All scans were reported by two consultant radiologists, having more than five years of expertise, on a standard picture archiving and diagnostic system (PACS) station at a predetermined window width of 800-1600 HU and window level of -800 to -500HU for lung parenchyma.
Radiological features were graded as per RSNA expert consensus statement on reporting chest CT findings related to COVID-19,11 as typical, indeterminate, atypical, and negative for COVID-19 pneumonia. CT-SS is a modification of criterion employed to report ground-glass opacity, air trapping and interstitial opacity in patients of SARS in 2003.13,14 Both lungs contain a total of 18 bronchopulmonary segments, which are split into 20 regions. The apicoposterior segment of left upper lobe was split into apical and posterior, and anteromedial basal segment of left lower lobe was divided into anterior basal and medial basal regions. Changes in each region had specified scores of 0, 1, and 2 for 0%, less than 50% and more than 50% parenchymal opacification, respectively. The CT-SS was calculated by adding all scores, with a range of 0-40 for both lungs.
IBM SPSS version 25.0 programme was employed for statistical analysis.
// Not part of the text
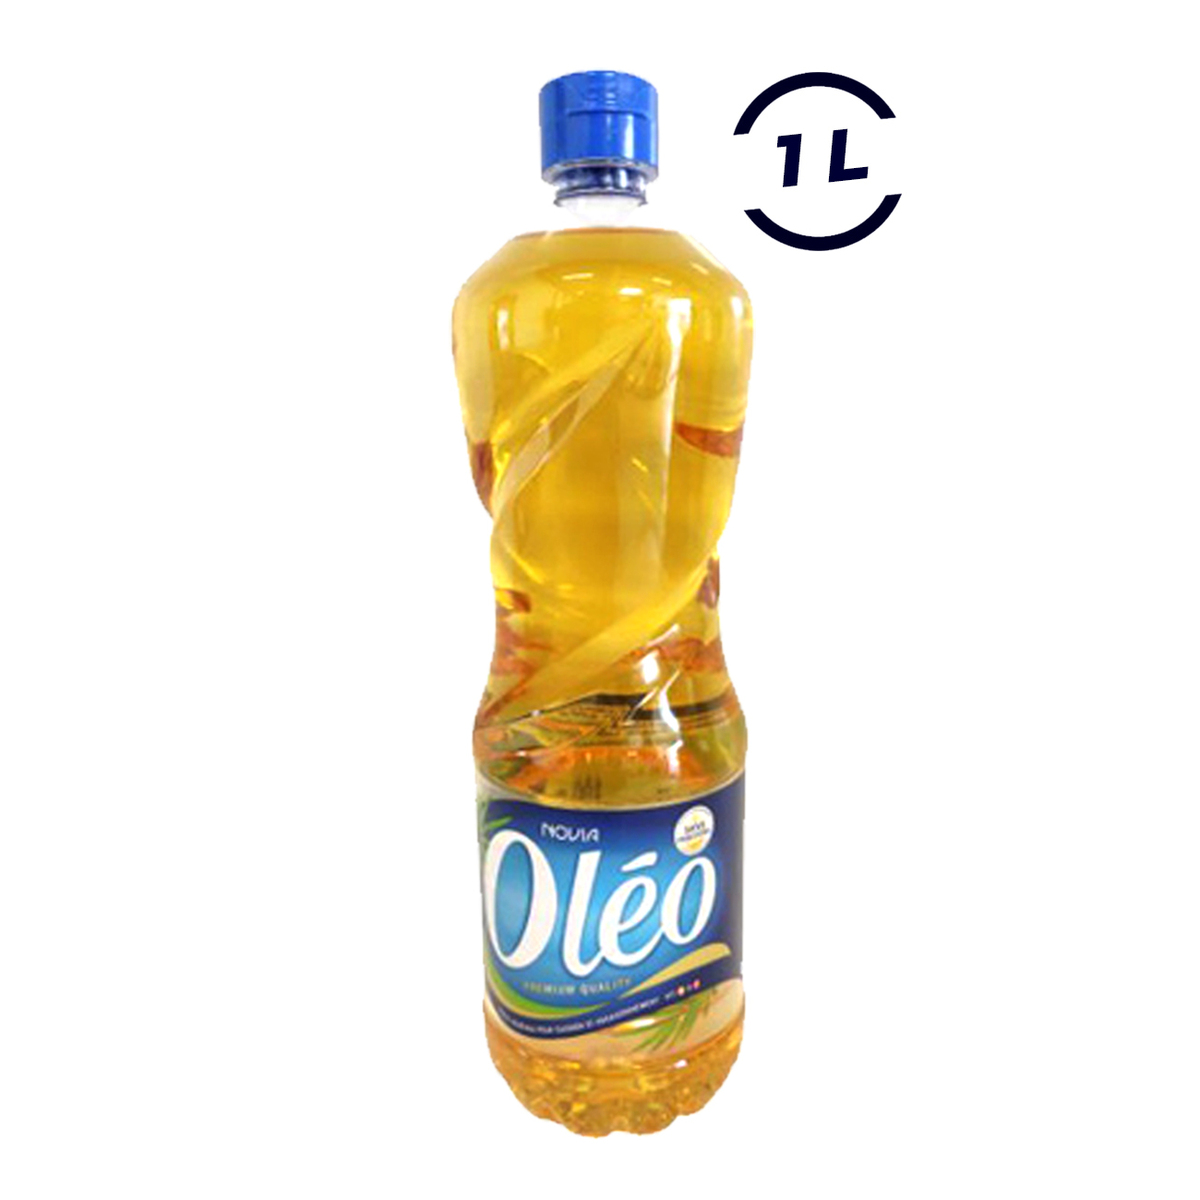 Oléo refined oil made in Cameroon

Mean ± standard deviation values were used for continuous variables like age, right, left and total lung scores along with comparative analysis by one-way ANOVA and independent sample t-test and percentages were used for nominal variables like gender and clinical symptoms. Patterns and scores of HRCT findings in moderate and severe groups were compared using Chi-square test and Fisher’s exact test. Weighted Kappa coefficient was utilised to assess the uniformity of lung region scoring by the two observers (values ≤ 0 showing no consistency, 0.01–0.20 as slight, 0.21–0.40 as mild, 0.41– 0.60 as moderate, 0.61–0.80 as significant, and 0.81–1.00 as near perfect consistency). Inter-observer reliability for individual and total lung CT-SS scores was calculated using intraclass correlation coefficient [ICC] (graded as acceptable=0.70-0.80, good=0.80-0.90, excellent=0.90-1.0). A p-value less than 0.05 was taken as statistically significant. ROC curve analysis was conducted to assess area under the curve (AUC); and calculate sensitivity, specificity and threshold for discrimination of moderate from severe group.
RESULTS
Out of 500 patients, 155 (31%) were placed in the minimal, 230 (46%) in the moderate, and 115 (23%) in the severe group (Table I) with respective mean ages of 37.90, 47.77 and 54.76 years (p<0.001). The commonest clinical symptoms were cough (288/500, 57.6%, p<0.001) and fever (247/500, 49.4%, p<0.001). Significant association of COVID-19 patients with diabetes mellitus (51/500, 10.2%, p=0.001), hypertension (57/500, 11.4%, p<0.001), and ischemic heart disease (41/500, 8.2%, p=0.001) was noted.
The ICC for CT-SS of both lungs was found to be excellent in this study (n=500, ICC median=0.986, ICC mean=0.993). Excellent agreement was also noticed in scoring of right and left lungs (ICC median=0.979, ICC mean=0.989). The weighted Kappa for scoring of individual lung regions also demonstrated near perfect agreement between the two observers (Values ranging between 0.80-1.00). The scores calculated by one of the readers was then selected randomly for further investigation.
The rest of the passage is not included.